What is needed is an exact reproduction of the lines in the records below, starting at the line with "Mazda3 Hatchback 2013 detail 01 copy" and ending at the line with "Planejamento de Aulas", both included, and nothing else; pictures stay out.

> **Provided data**:
======

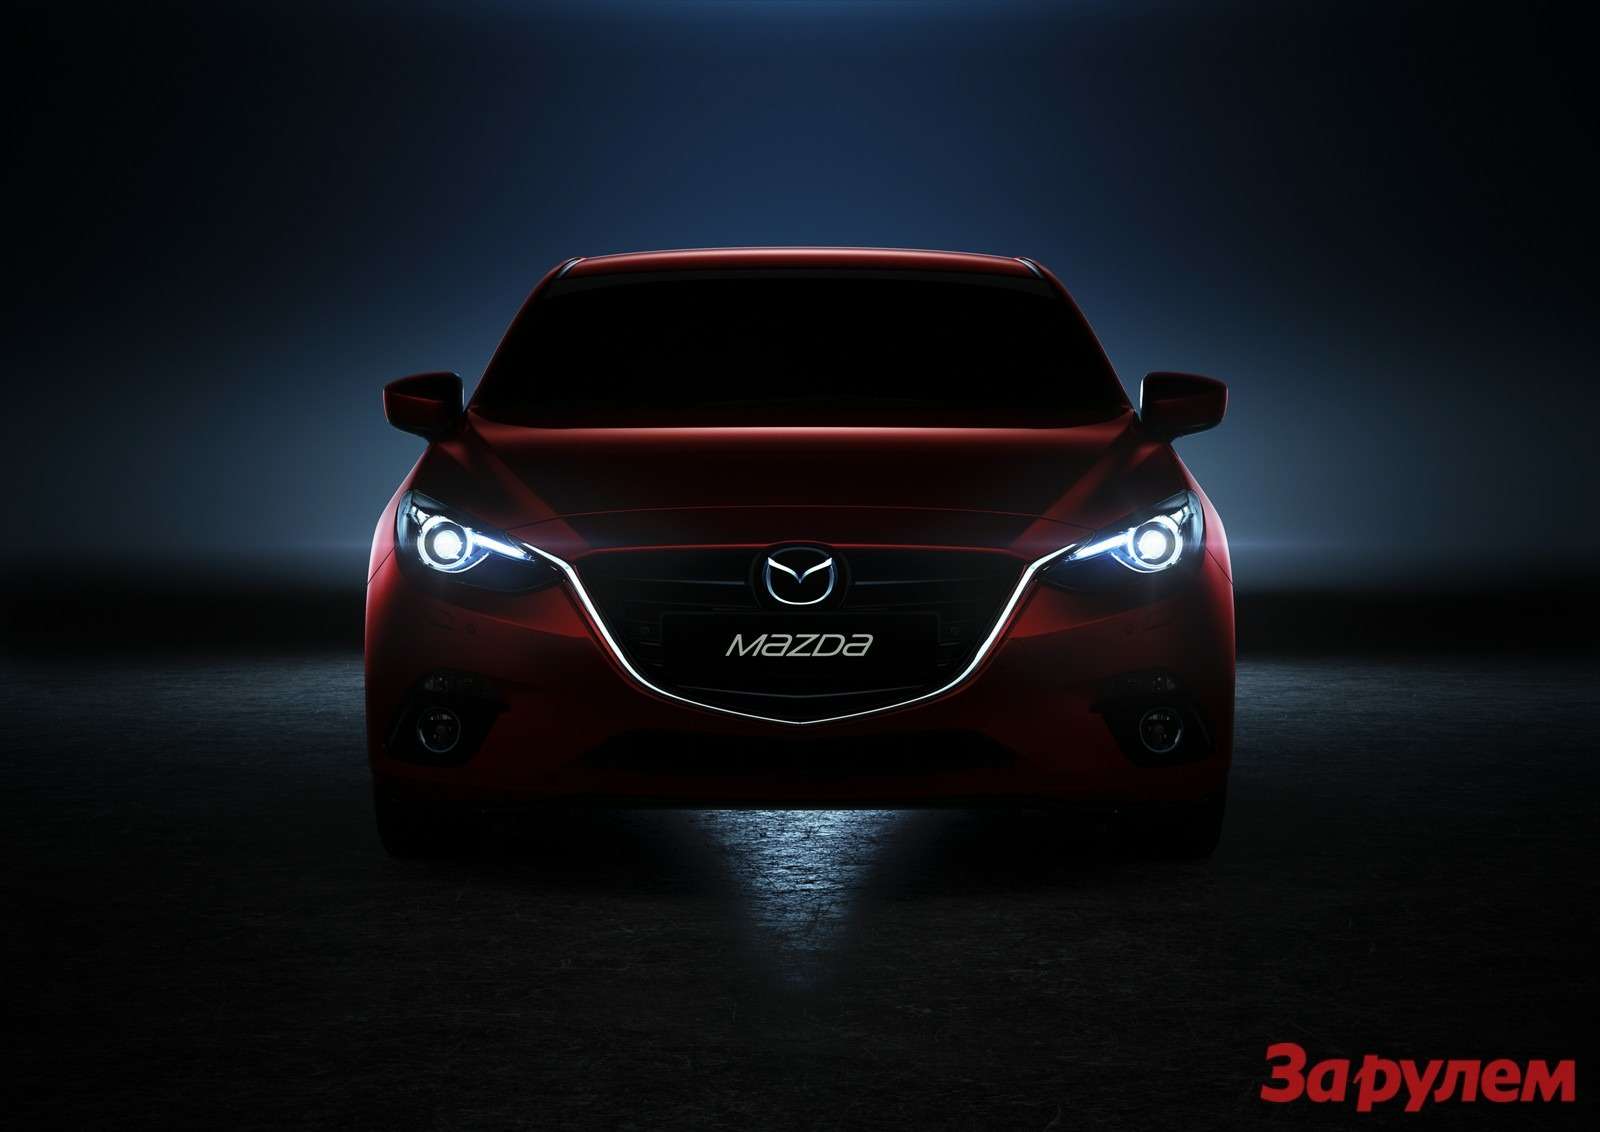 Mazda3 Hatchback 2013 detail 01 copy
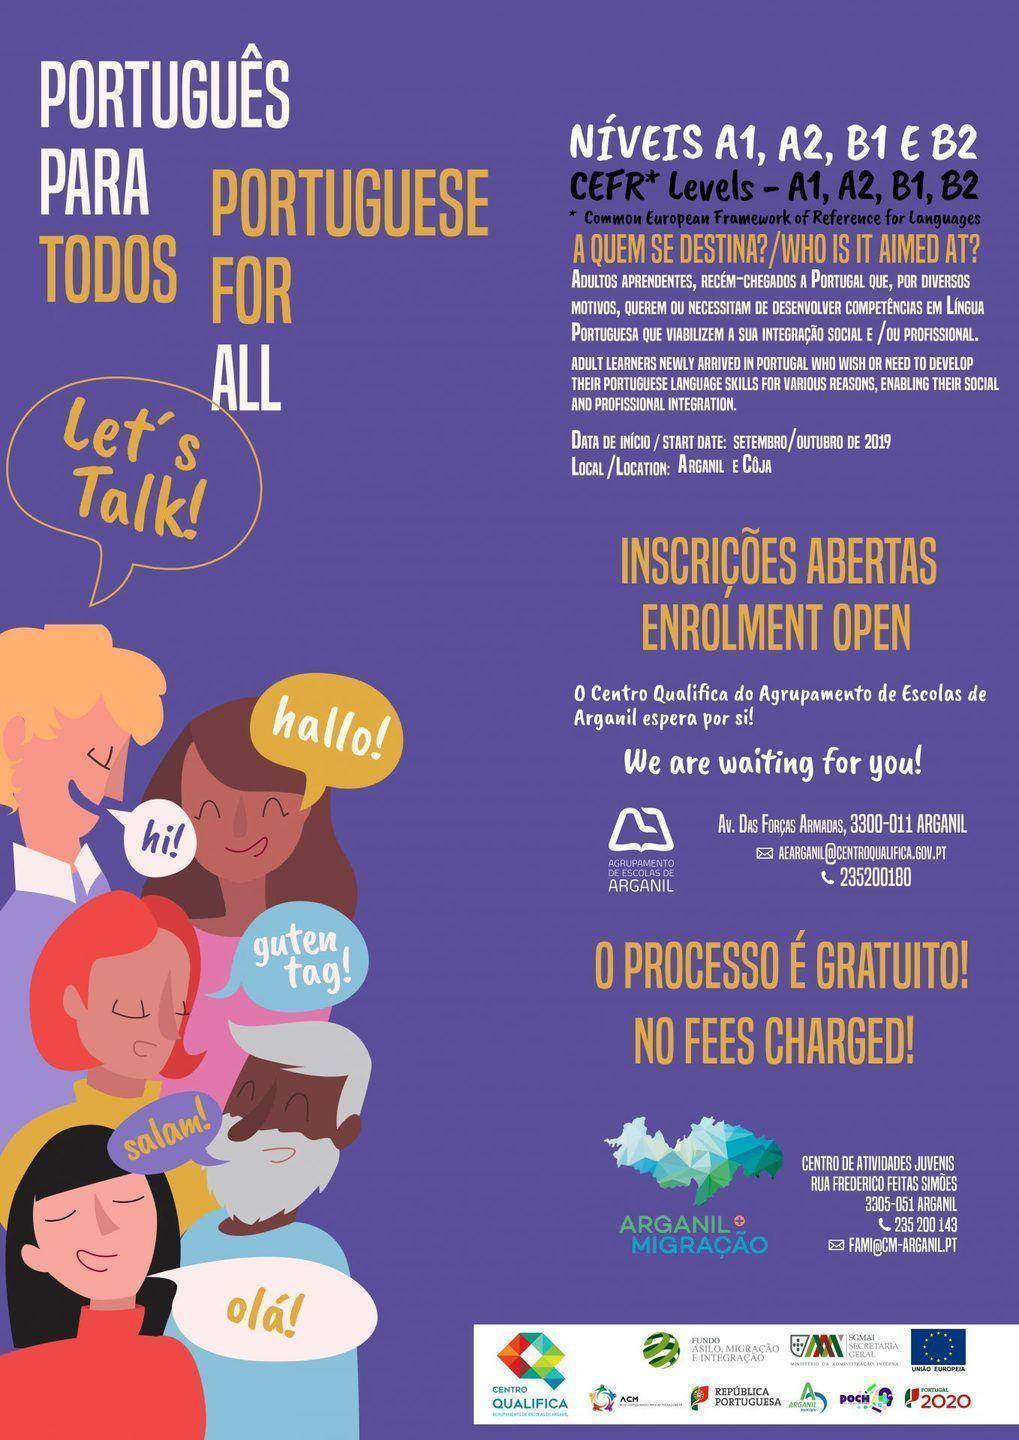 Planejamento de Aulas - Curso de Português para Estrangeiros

======

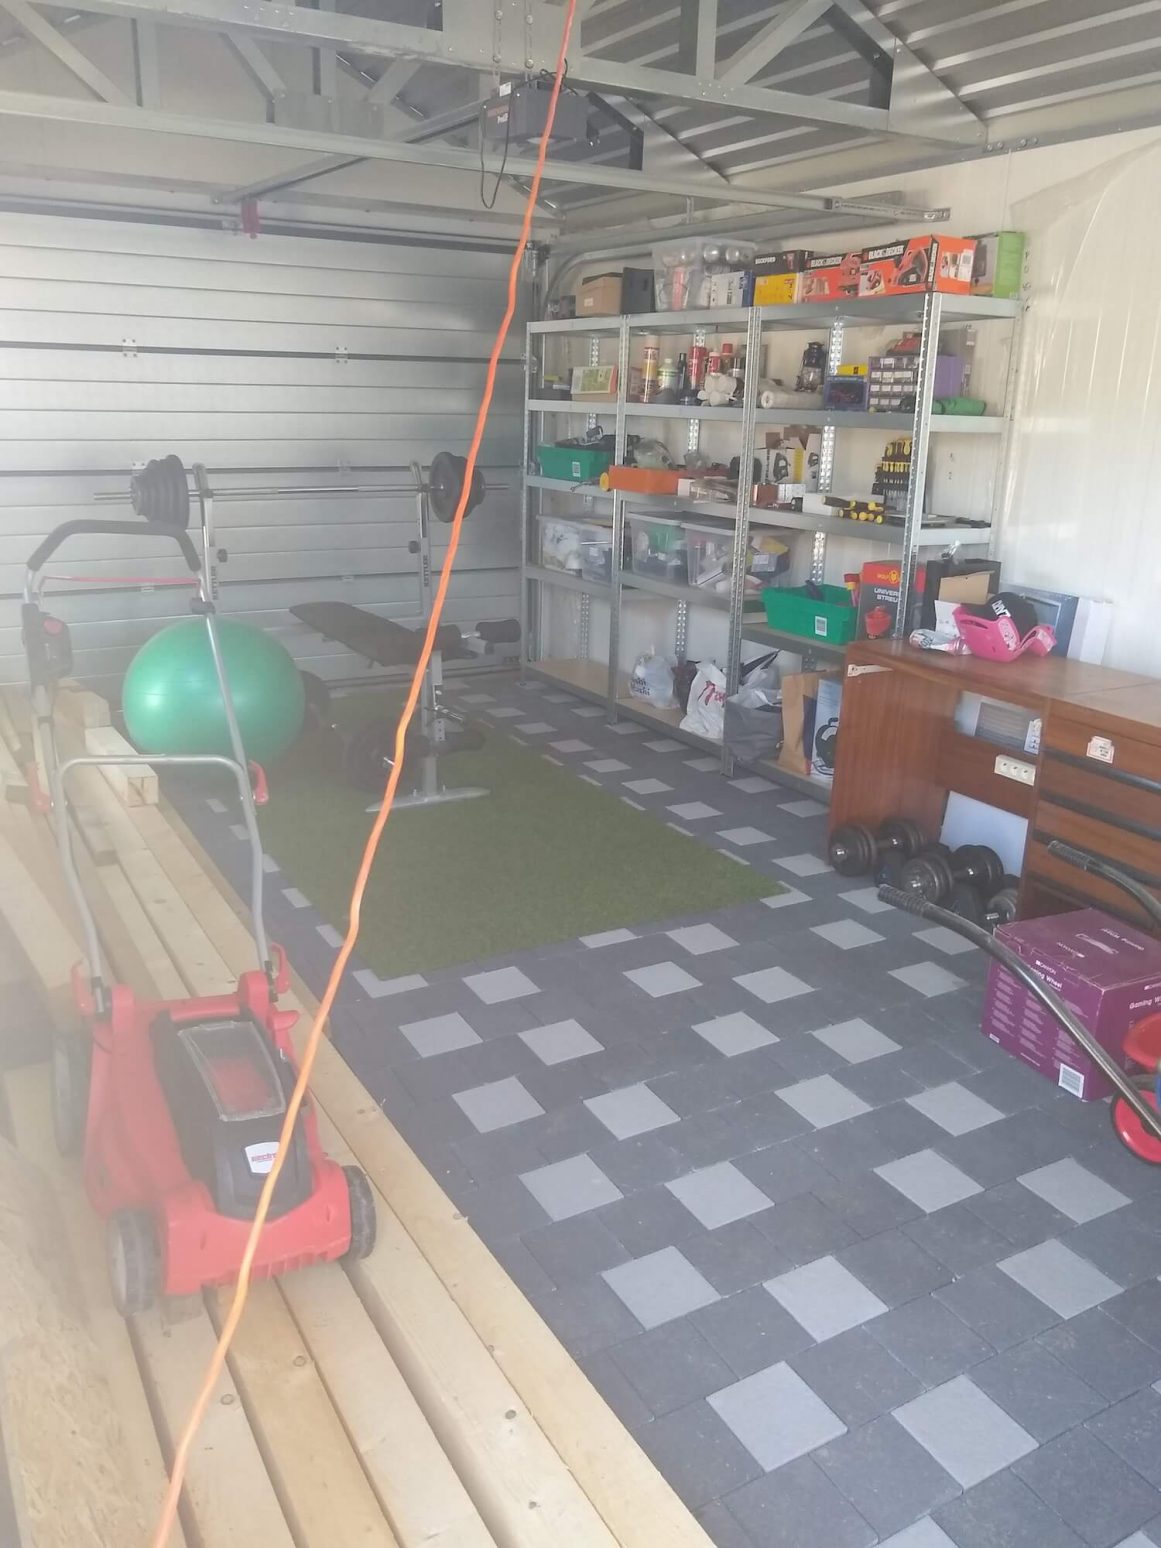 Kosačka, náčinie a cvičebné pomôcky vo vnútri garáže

======

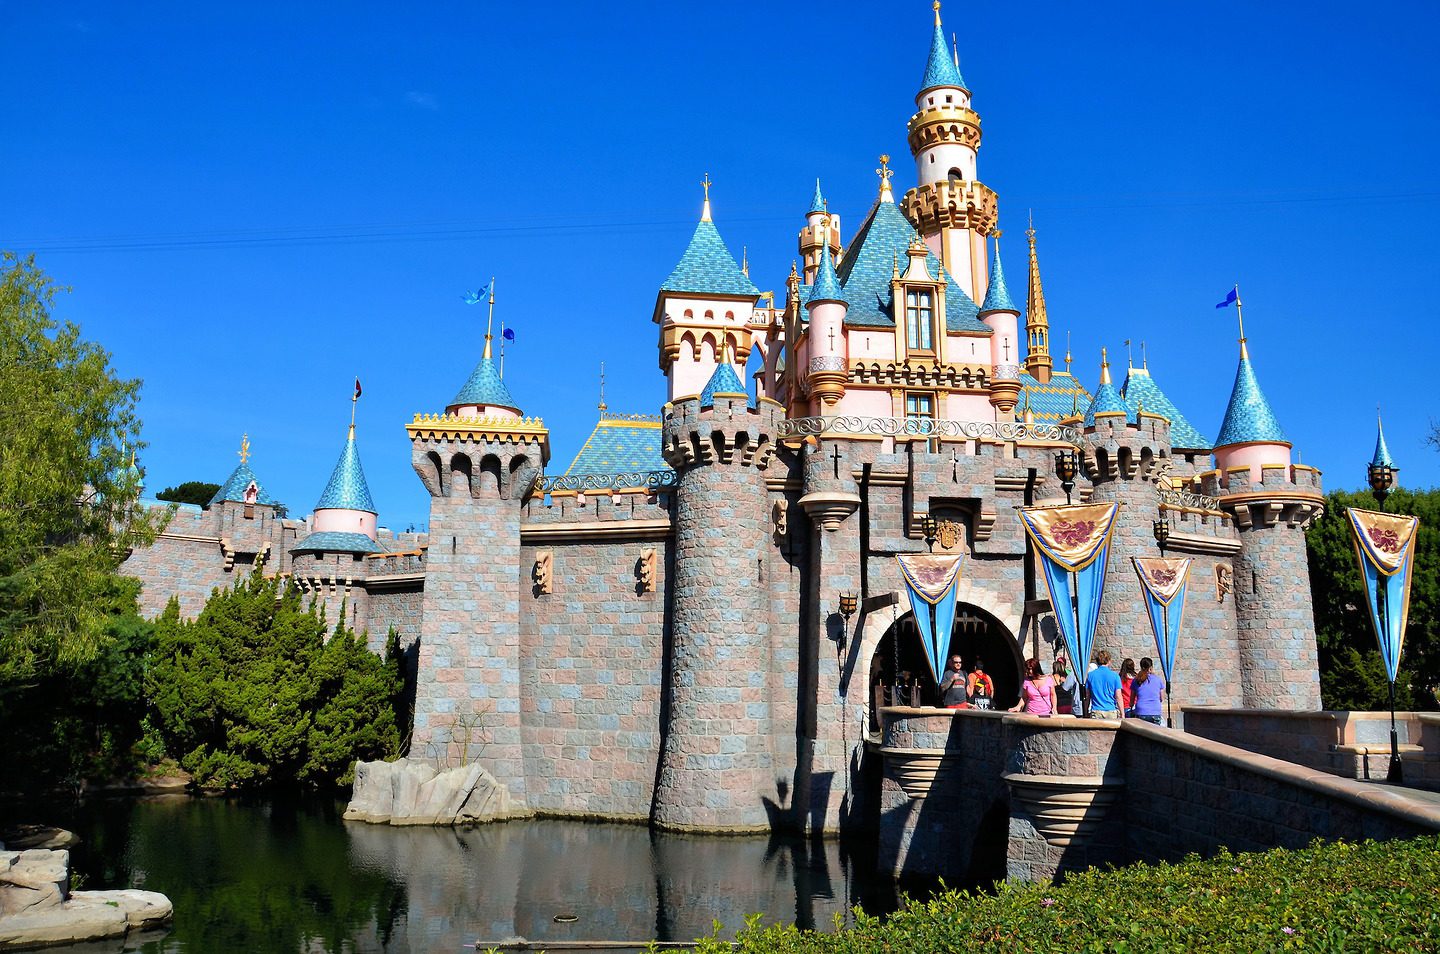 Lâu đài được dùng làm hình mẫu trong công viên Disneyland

======

> **Response**:
 Mazda3 Hatchback 2013 detail 01 copy
 Planejamento de Aulas - Curso de Português para Estrangeiros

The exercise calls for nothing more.